Tra gli strumenti rieducativi, l’ordinamento prevede la possibilità di lavorare durante gli anni in cui si sconta la pena, con la finalità di costruirsi le basi per un reinserimento sociale. I dati disponibili risalgono al 2020 e indicano come lavoratori circa 17 mila detenuti. Attenzione, però: di questi solo 2 mila lavorano per imprese e cooperative sociali, gli altri invece sono dipendenti dell’Amministrazione penitenziaria. Questo significa una cosa sola: chi lavora per il carcere, svolgendo attività di addetti alle pulizie, alla lavanderia e alla cucina, o alla manutenzione in cambio di circa 150-200 euro al mese (che vengono caricati sul conto interno all’istituto e servono per pagare il cibo extra rispetto alla mensa o le sigarette) non impara certo un mestiere che poi potrebbe permettergli di sopravvivere fuori dall’istituto detentivo senza ricominciare a delinquere. Invece, solo un numero irrisorio di reclusi fa un lavoro vero, con una formazione pregressa, un contratto e un vero e uno stipendio.

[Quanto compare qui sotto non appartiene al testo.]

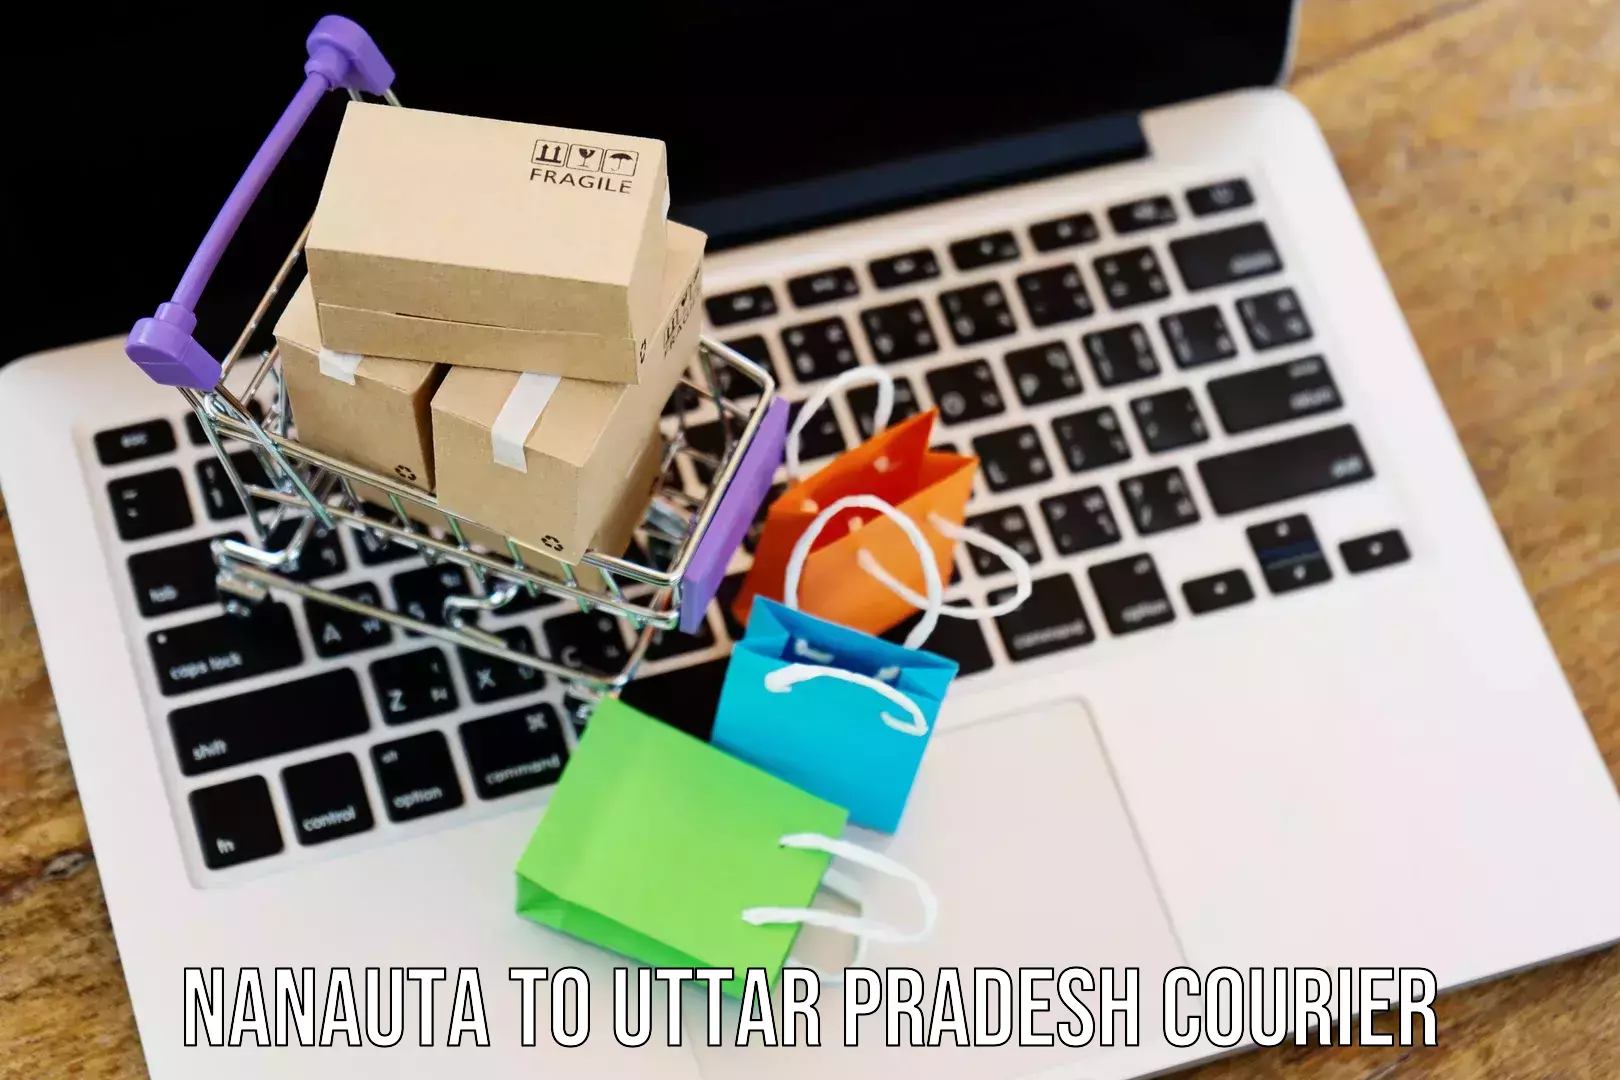 Smart courier technologies Nanauta to Uttar Pradesh

Infine, altro elemento drammatico è lo stato dei luoghi detentivi. L’associazione Antigone, nel suo rapporto del 2021 sulle condizioni dei luoghi di detenzione, ha visitato 44 istituti su 190 e ha raccolto una serie di dati: la metà delle carceri è extrarbana e l’11 per cento non ha mezzi pubblici che permettono di raggiungerla, rendendo difficilissime le visite dei parenti, anche perchè nel 52 per cento dei casi non è previsto il colloquio visivo la domenica. Inoltre nel 9 per cento delle celle non c’è il riscaldamento, nel 30 per cento non è garantita l’acqua calda e nel 48 per cento non c’è la doccia. Infine, solo il 22 per cento dei detenuti fa più di quattro ore d’aria al giorno e solo nel 23 per cento dei casi il magistrato di sorveglianza entra almeno una volta al mese nel carcere.

Nel 2020, infine, l’anno è stato drammatico per il tasso di suicidi, che è arrivato a raggiungere gli 11 ogni 10 mila persone mediamente presenti, con prevalenza nella fascia di età tra i 36 e i 40 anni: erano quasi vent’anni che il numero non era così alto. Segno che il covid, nonostante la diminuzione della popolazione detenuta, ha reso ancora più insopportabile la detenzione a causa di un distacco ancora più netto dal mondo esterno e dalle famiglie.

Tutti numeri che mostrano quanto sia necessario ripensare il carcere, non solo sulla scia dell’indignazione per le violenze di Santa Maria Capua Vetere.